Aussie Shame: 4 Million Kangaroos Slaughtered Down Under Per Year

Australia’s Nine News reports that the unregulated Australian kangaroo industry involves untrained farmers and landowners slaughtering a reported 90 million—yes, 90 million!—kangaroos over the past two decades. Like harp seals, of which 300,000 are slaughtered per year in Canada, kangaroos often suffer violent prolonged deaths. A common scenario involves shooting the kangaroo mothers, ripping the baby kangaroos (“joeys”) from their pouches, and stomping on the babies’ heads.
Kangaroos are blamed for the degradation of land in Australia. The animals are alleged to damage wheat crops or compete with sheep for grazing land. However, much kangaroo slaughter takes place in the Outback, where no crops are grown. Kangaroo advocates also claim that the real land desecration in Australia comes from hoofed animals like cattle.
Canadian animal rights lawyer Lesli Bisgould says that like the seals, kangaroo hunts “are happening in very remote places and so the only man who knows how the animal died is the man who killed them.”
While Canada’s seal butchering is the largest commercial slaughter of marine-based animals, Australia’s kangaroo industry takes the title for land-based animals.

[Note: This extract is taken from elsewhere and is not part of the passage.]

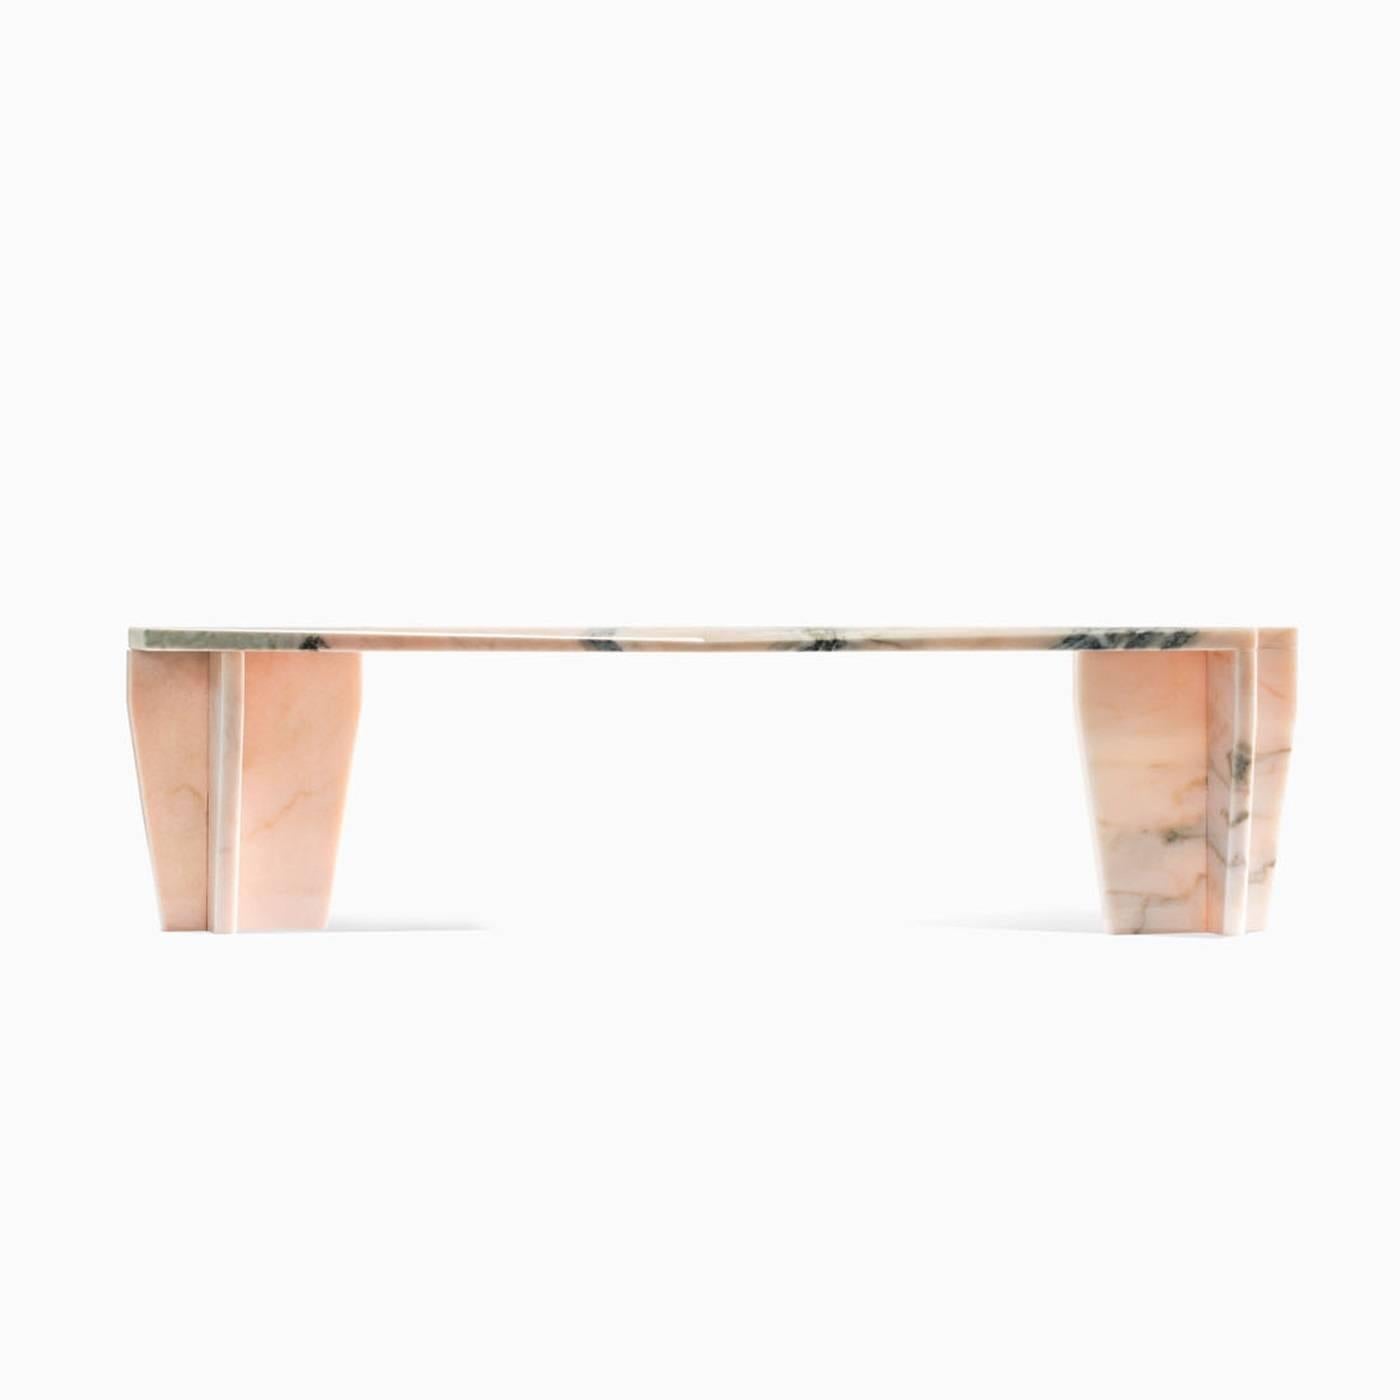 This coffee table features two short legs and it is entirely made of 2 cm. thick pink Portugal marble. Part of the Z-series, this table uses a special dry joint without any glue or screws. It is possible to have different kinds of marbles upon

“We’re both going after our national icons,” said Bidgould, who is in Australia to join animal activists and researchers in a series of talks that draws parallels between the two industries.
Lawyer and kangaroo researcher Keely Boom, who will present research at the lectures, says there’s no formal training in how to kill joeys, and the slaughter is virtually unmonitored.
“For joeys being killed from a blow to the skull, there is risk of an inhumane death,” she said.
Despite Australia and some overseas markets consuming kangaroo meat, it remains a niche industry.
Should Australia end its lawful killing of kangaroos?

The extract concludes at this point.